Urban transit is one of the nation’s most heavily subsidized consumer-based industries, gobbling $50 billion a year from taxpayers to cover more than three-fourths of its costs. According to the Federal Transit Administration’s National Transit Database, Twin Cities transit fares covered only 15 percent of 2016 costs, and subsidies totaled more than two-thirds of a billion dollars. This makes mass transit one of the most expensive forms of travel, costing more than four times as much to move a passenger one mile as an automobile—even after factoring in the public dollars spent on highways.

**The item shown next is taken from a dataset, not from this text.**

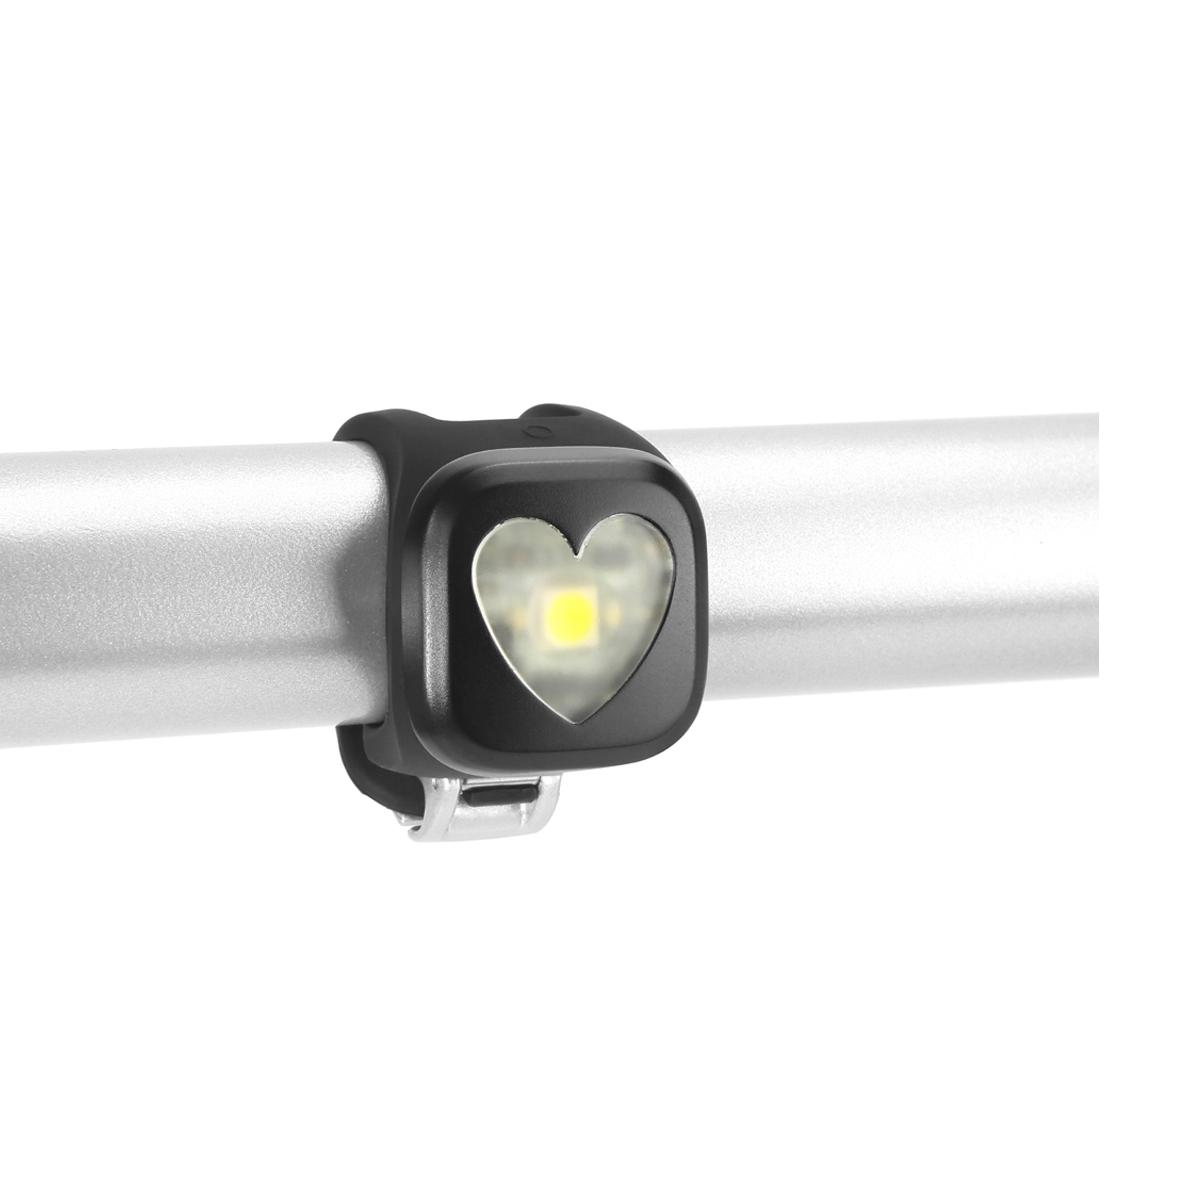 Éclairage arrière Knog Blinder Coeur 1 LED - Noir
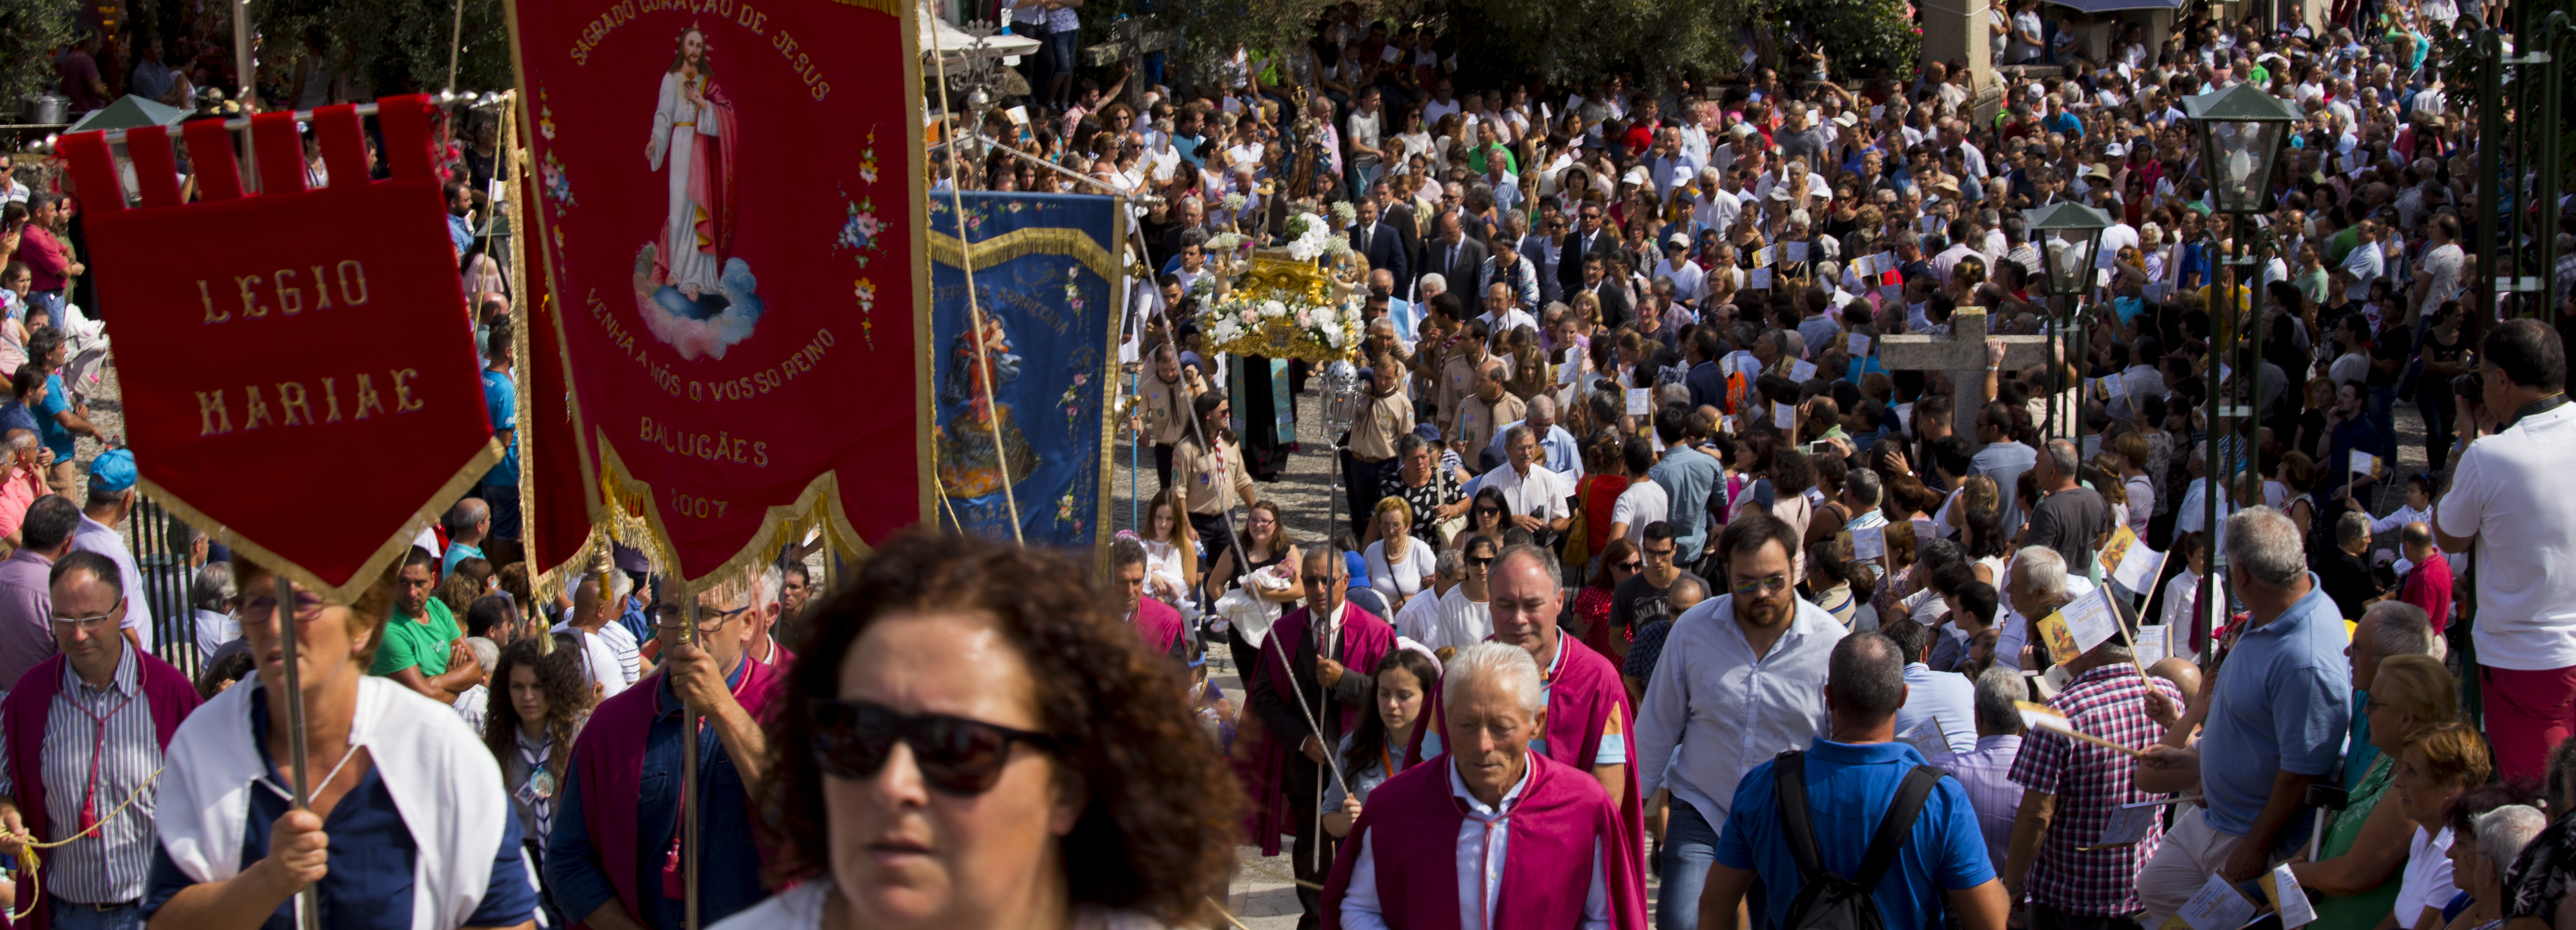 Peregrinações à Franqueira e à Aparecida mobilizam milhares de fiéis

It wasn’t always this way. Some 50 years ago, as shown by the late author Charles Lave, an economist at the University of California, Irvine, transit was mostly private and mostly profitable. And there are still vestiges of private, profitable transit scattered around the United States today. These systems show that taxpayers and most transit riders would benefit from privatization of the nation’s largest transit systems.

Municipalization led to a collapse in transit productivity, in part because transit agencies often fall prey to mission creep, going from providing mobility for those who can’t or don’t want to drive to trying to entice people out of their cars. To provide luxury transit services to middle-class neighborhoods, agencies cut affordable services to low-income neighborhoods, often losing more riders than they gained and reducing the average number of trips taken per transit-vehicle mile by more than 30 percent. Transit agencies also eagerly took advantage of politicians’ desires for infrastructure-heavy projects such as light rail and downtown bus centers, which allowed elected officials to pass out construction contracts and take credit for creating make-work jobs but did little for transit riders.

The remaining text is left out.